Enhancing the quality of products and encouraging their prolonged use within the cycle as original goods is essential. This also involves using less plastic, prioritizing the potential use of recycled plastics, and exploring alternative materials such as glass and wood, especially when sourced from recycled rather than raw materials. In the case of applying recycled plastics, it is crucial to ensure that the quality of the materials is not compromised, so that the same standard as the original is maintained and the generation of additional MPs is avoided. The reuse of products or materials reduces the need to produce new plastics. If the products remain undamaged or do not contribute to the formation of MPs due to their age, they can be used by customers over a longer period and, thus, remain in the value chain [67]. Nonetheless, careful consideration is needed to ensure that the designed model of circular economy practices does not unintentionally increase microplastic generation or pose additional harm to the environment.
The concept of Extended Producer Responsibility (EPR) traditionally revolved around producers taking responsibility for the entire life cycle of their products, including proper disposal and recycling. However, it is important to emphasize that EPR should evolve to include a broader environmental perspective. In particular, the issue of microplastic production should be clearly integrated into EPR frameworks. By doing so, manufacturers would not only be motivated to design products with a focus on recyclability and sustainability but also to actively minimize the generation of MPs throughout the product life cycle. This adaptation would align EPR with existing environmental concerns, particularly the adverse effects of MPs, and provide robust motivation for producers to contribute to the reduction of MPs in the environment [68,69].

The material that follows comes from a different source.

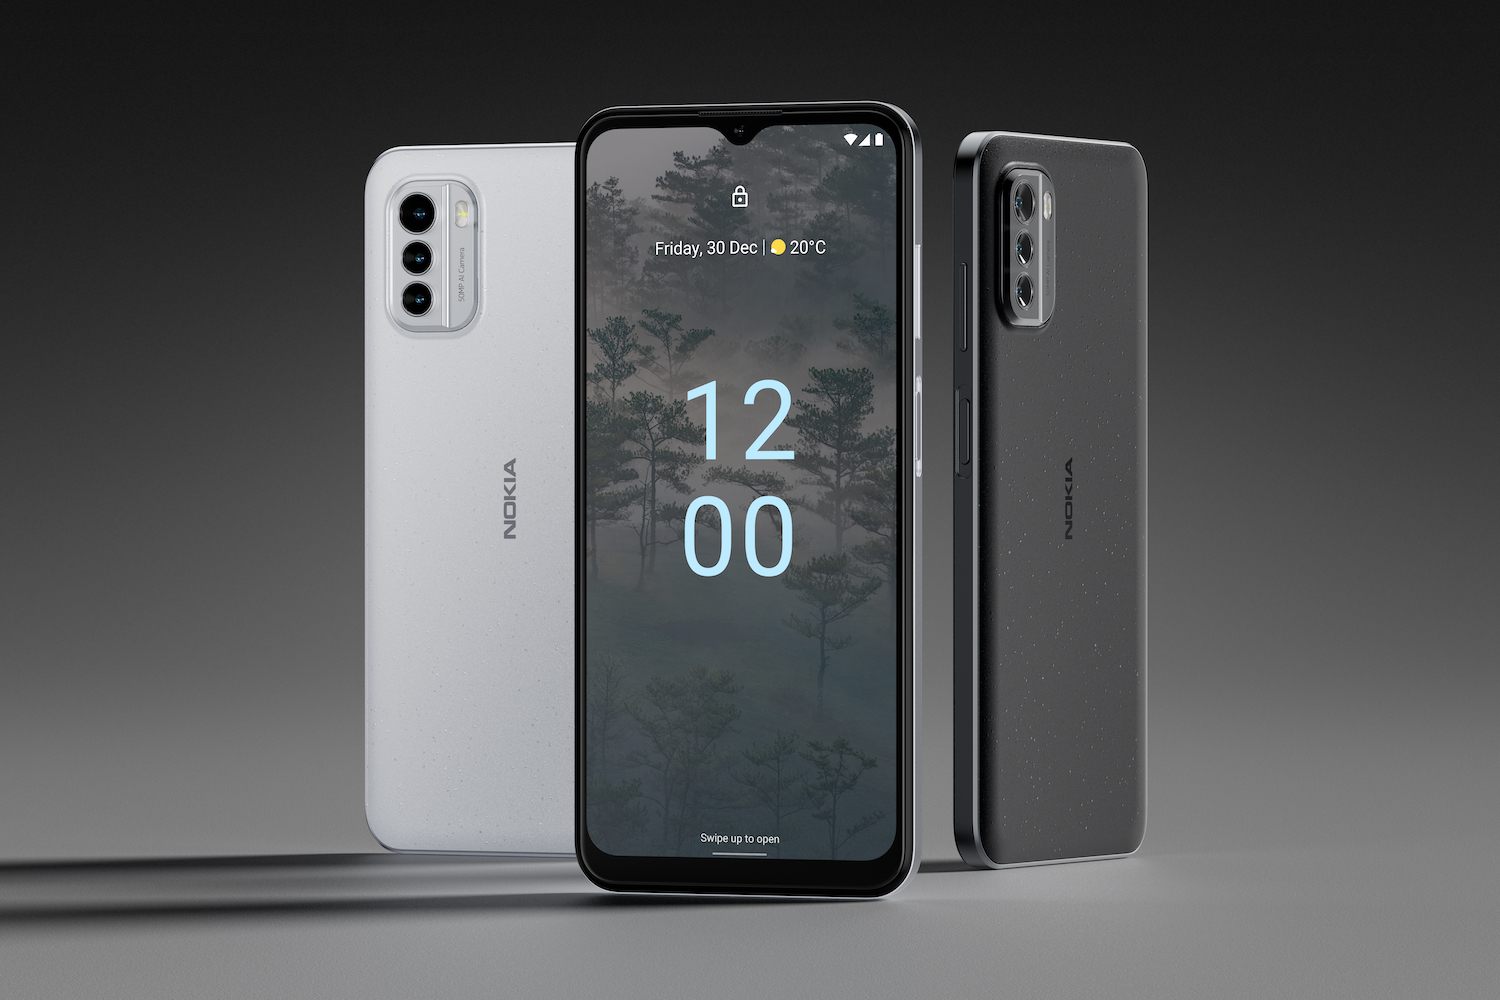 A render of the Nokia G60 smartphone.

2.3.2. Application to Plastic Life Cycle

The shift toward a circular economy for plastics represents a substantial transformation that requires collaboration between stakeholders, innovative technologies, and a shared commitment to sustainability. Life Cycle Assessment (LCA) is a powerful tool for industries to facilitate understanding and characterization of the range and scope of environmental impacts, e.g., resource use, human health, and ecological consequences, from raw material to production use and disposal, covering all stages of its life [70,71]. Besides, LCA, when applied to plastic life cycle analysis, includes aspects like energy consumption, greenhouse gas emissions, and waste generation. Incorporating the assessment of MPs in biota and other ecosystem components, such as soil and air, into the LCA framework is essential for a comprehensive understanding of the environmental impact of MPs. By considering the implications of MPs on different components of the ecosystem, LCA becomes a comprehensive tool to evaluate the genuine environmental consequences of plastic pollution [72,73].
Figure 4 illustrates the LCA of microplastic release during the production of car tires. This release begins with industrial emissions from the processing of raw materials, primarily revealed as MPs in wastewater. This release continues throughout the tire’s lifetime, with tire wear being a significant contributor to atmospheric pollution, accounting for up to 11% of PM10 levels [74]. Additionally, tire wear contributes to road runoff, ranging from 5 to 92 mg/g dry weight, and deposits MPs in the soil at levels of 0.2 to about 160 mg/g. Studies have measured tire wear per capita in various countries, reporting masses ranging from 0.2 to 4.7 kg/(cap*a) with a global average of 0.81 kg/year, and an estimated relative contribution to the total global plastic in oceans ranging from 5% to 10% [75].
Post-use scenarios, including tire repair and reuse, introduce additional ways for microplastic release. Recycling, as another end-of-life option, involves multiple stages such as transportation, leachate production, and final product manufacturing, all of which contribute to microplastic emissions. The quality of the final recycled products and the degree of particle integration are critical considerations in managing microplastic release. The selected recycling method also plays a crucial role in this process.
Disposal methods pose significant challenges in the context of microplastic pollution. Open dumping sites release MPs into the atmosphere and water, leading to soil pollution. In the case of landfilling, leachate continues to contribute to the contamination of ecosystems by releasing MPs, particularly in unprotected sites or when subjected to inefficient leachate treatment in secured landfills [76,77].
The case study of car tire production and disposal highlights the complex interplay between industrial processes, product use, and end-of-life scenarios. This complexity emphasizes the need for strategic measures to minimize microplastic release and its adverse effects on the environment. Integrating microplastic assessment into the LCA framework provides a comprehensive understanding of the real environmental consequences of plastic pollution, ensuring a more informed approach to sustainable plastic management and facilitating strategic decision-making throughout the entire life cycle.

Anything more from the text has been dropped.